Ideally, we must avoid using NTLM. But if we can’t, we must ensure that no one besides the cntlm daemon user can read the hash. Also, while NTLMv2 is far from being secure, version 1 is even worse. It’s almost as bad as plaintext passwords. That’s why Microsoft currently recommends Kerberos authentication as a single sign-on alternative to NTLM. As for the client, we just configure our system or application to use cntlm as its proxy. It responds by default, as an HTTP proxy on port 3128. It can act as a Socks proxy server as well.

7. Conclusion

In this article, we saw that while configuring a proxy server should be very simple, it can have many different scenarios.
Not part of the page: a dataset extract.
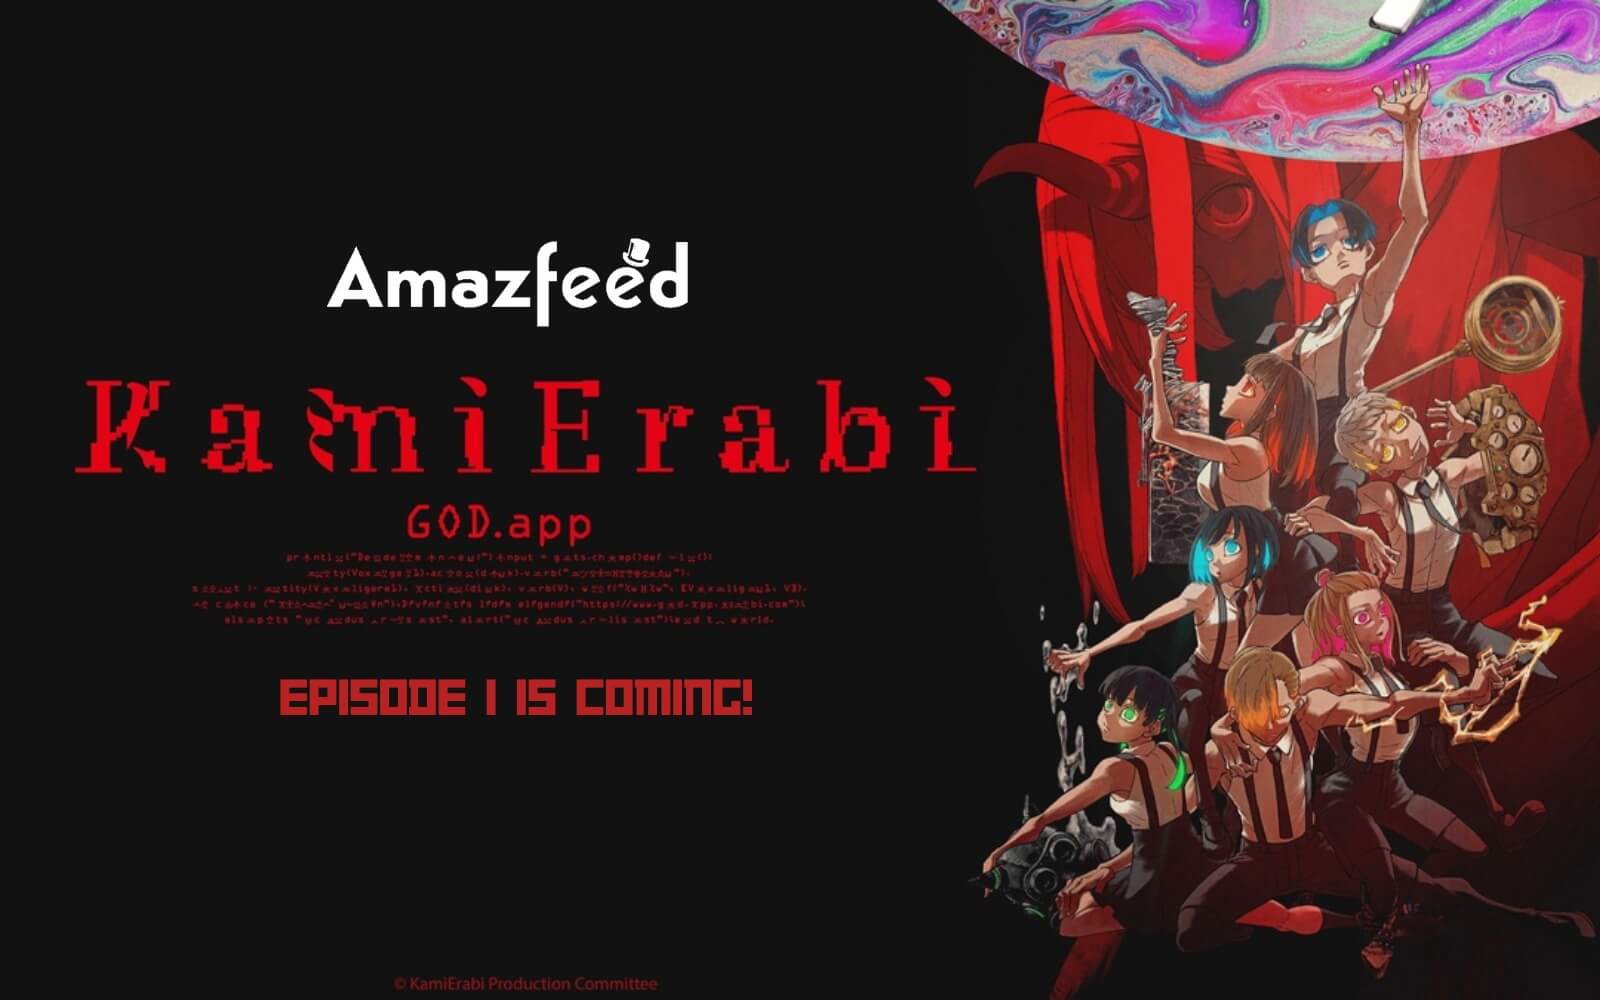 KamiErabi - God.app Episode 1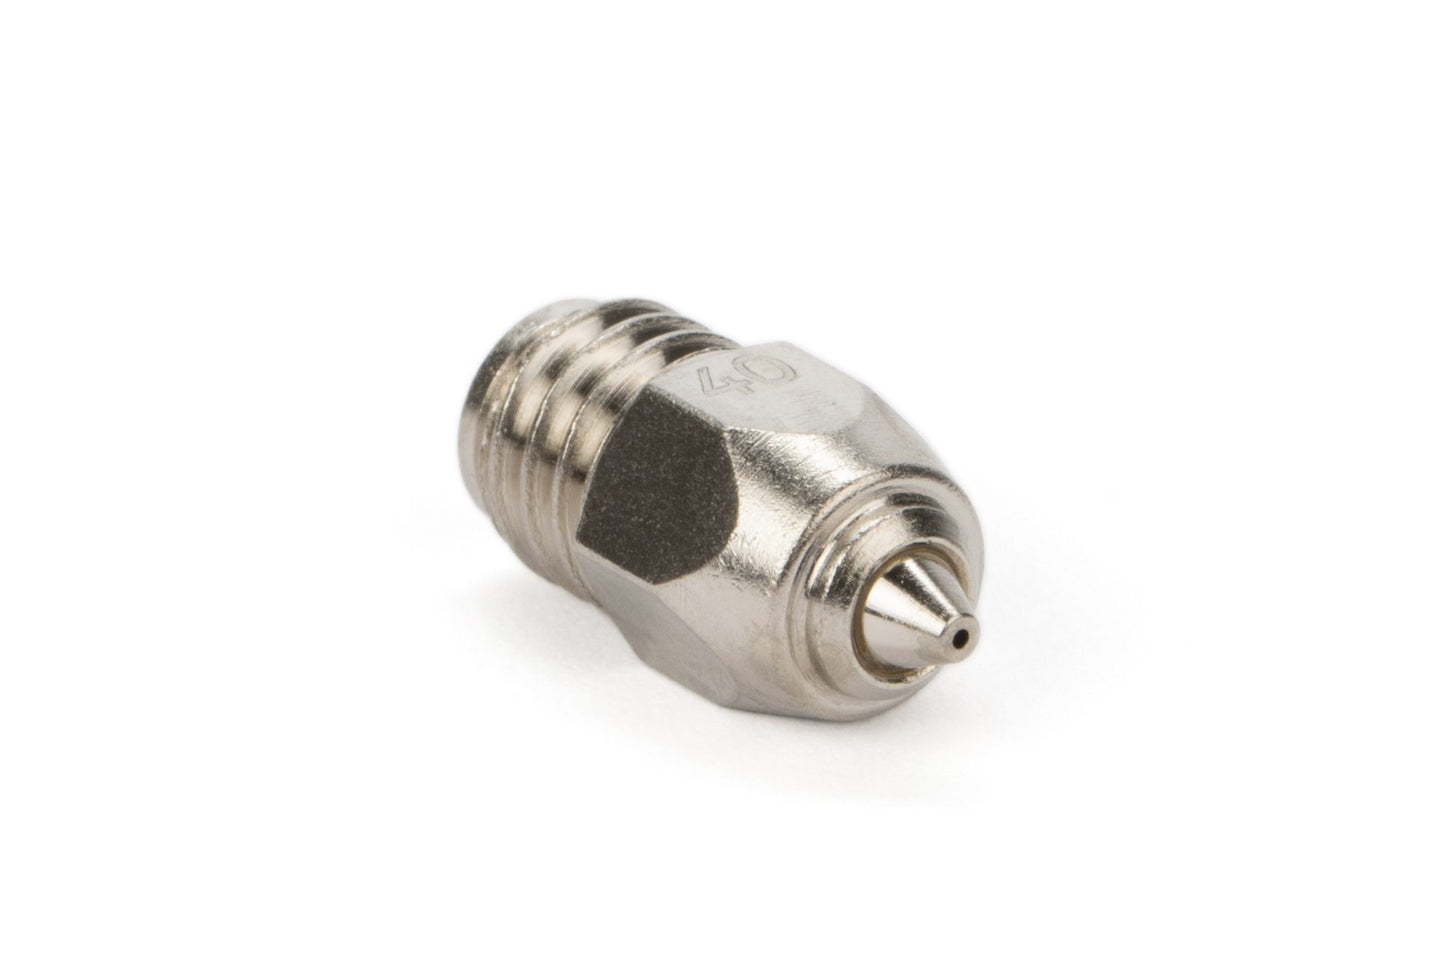 Bondtech CHT BiMetal RepRap Coated Nozzle (MK8 Hotend) - 1.75mm/2.85mm Filament - All Sizes

However, as proxy servers are invaluable tools for enterprise network security, many organizations rely on them to reduce their risks. In organizations where the platform of choice is not Linux, configuring a Linux desktop, and even a server, can be tough. For this reason, understanding how proxies work and the most diverse configuration options they provide is very important. Then, system administrators and users can properly run and update Linux behind proxy servers.